Новые самолеты удивляли неопределенным мрачным цветом, ножными тормозами, как у автомобиля (а наши летчики привыкли к ручным). У наших летчиков, привыкших к легкоуправляемым маневренным «якам», заокеанский подарок не вызывал восхищения, но дареному коню в зубы не смотрят. Оставалось одно: научиться и на американских самолетах летать и побеждать по-русски. Тем более что в воздухе «аэрокобра» показала себя вполне современной машиной.

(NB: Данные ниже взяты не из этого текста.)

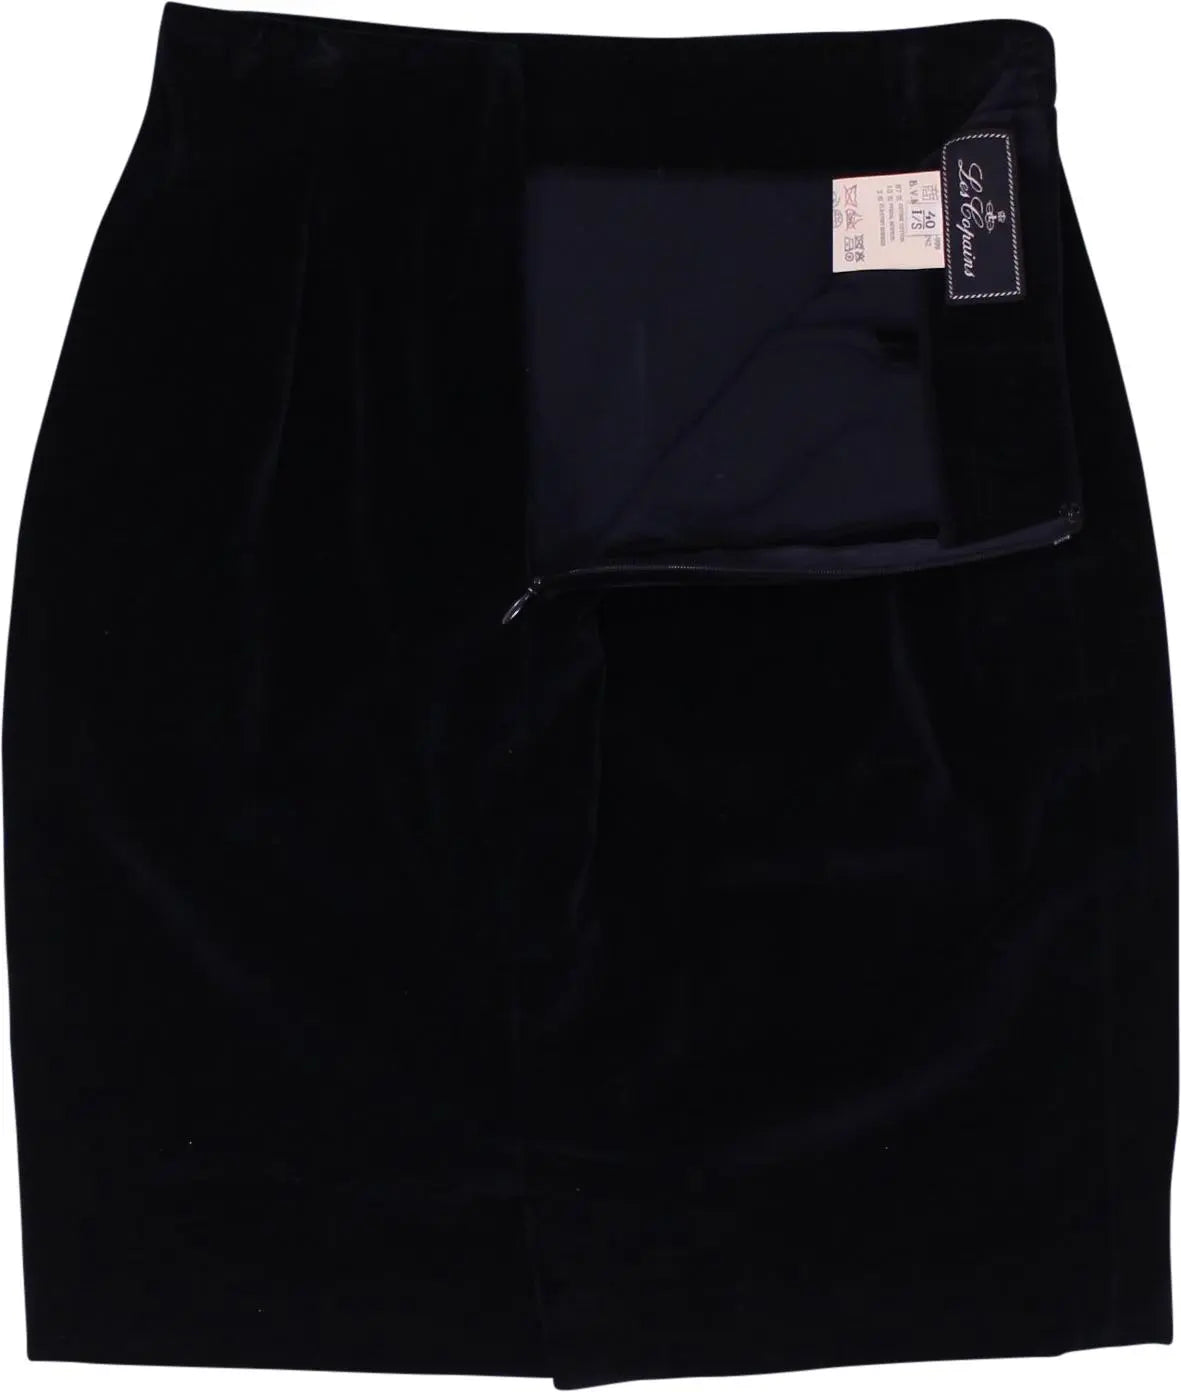 Les Copains - Velvet Skirt by Les Copains- ThriftTale.com - Vintage and second handclothing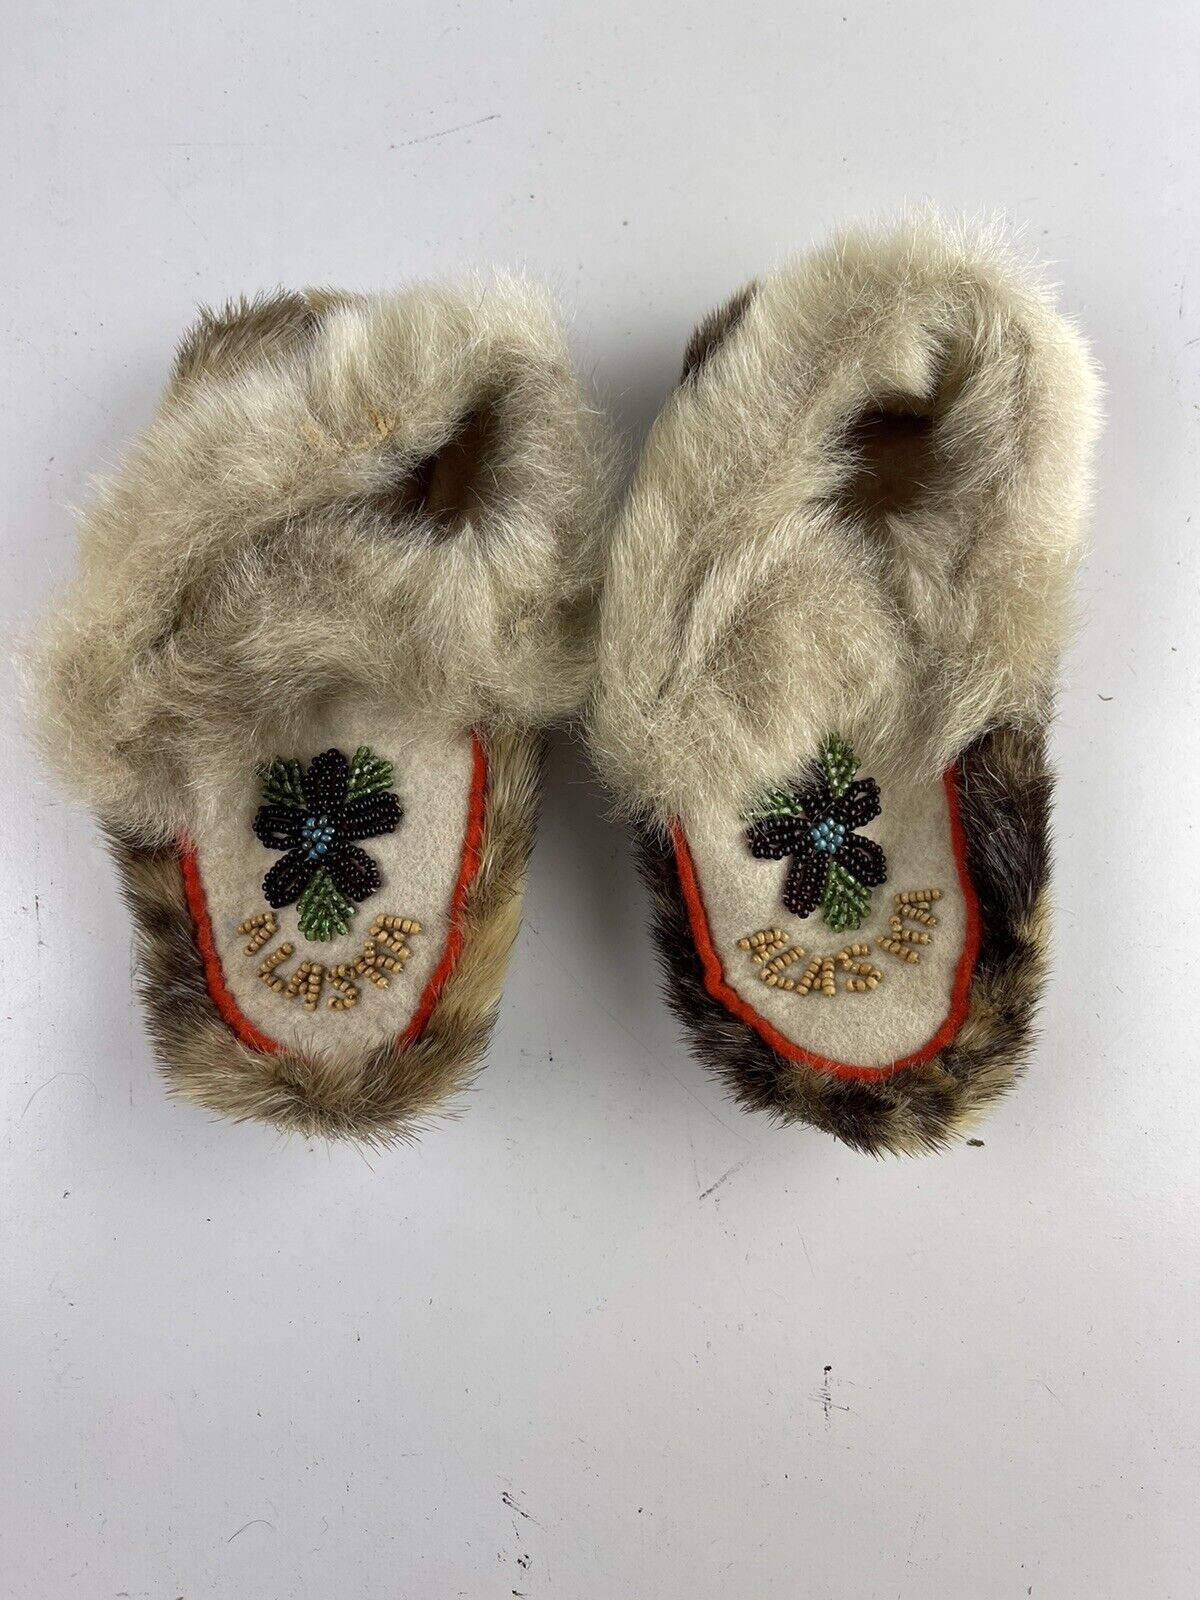 Vintage Alaskan Eskimo Native American Fur Moccasins - Beaded - 6” Long 3” Wide

В первых же боях на «американке» Лавриненков сбил двух «хейнкелей», оценил ее боевую мощь и смирился с разлукой с любимыми «яками». Порадовало и удивительное совпадение: на борту заокеанской «кобры» стоял номер «17». Это число, как считал молодой пилот, приносило ему удачу: все его «яки» были семнадцатые и день рождения его — 17 мая.
Накануне 1 мая 1943 года вышел Указ Президиума Верховного Совета СССР о присвоении летчику Лавриненкову звания Героя Советсткого Союза за 20 воздушных побед. Качали и поздравляли его друзья на радостях, но об одном жалел молодой Герой: родным послать весточку нельзя — вся его родня осталась на оккупированной Смоленщине.
На «аэрокобре» Лавриненков и провел тот драматический бой с фашистским «Фокке-Вульфом-189», который разделил его жизнь на «до» и «после» плена.
За день до рокового полета дурачились они, молодые — всем чуть за двадцать, — то ли на скифском, то ли славянском кургане, сталкивая друг друга с его крутых склонов, не задумываясь, что веселятся на могиле своего древнего предка. Треск расколотого зеркальца в нагрудном кармане напомнил народную примету — зеркало бьется не к добру. Да что летчику-герою предрассудки! Выкинул осколки Владимир и забыл о нем.
…Приказ был: лететь четверкой и непременно уничтожить «раму», снимавшую на фотопленку наши передовые позиции, вслед за которой, как правило, приходили увешанные бомбами «юнкерсы» и «хейнкели». «Аэрокобра» Лавриненкова № 17 была на ремонте, и вылететь пришлось на машине командира полка А. Морозова.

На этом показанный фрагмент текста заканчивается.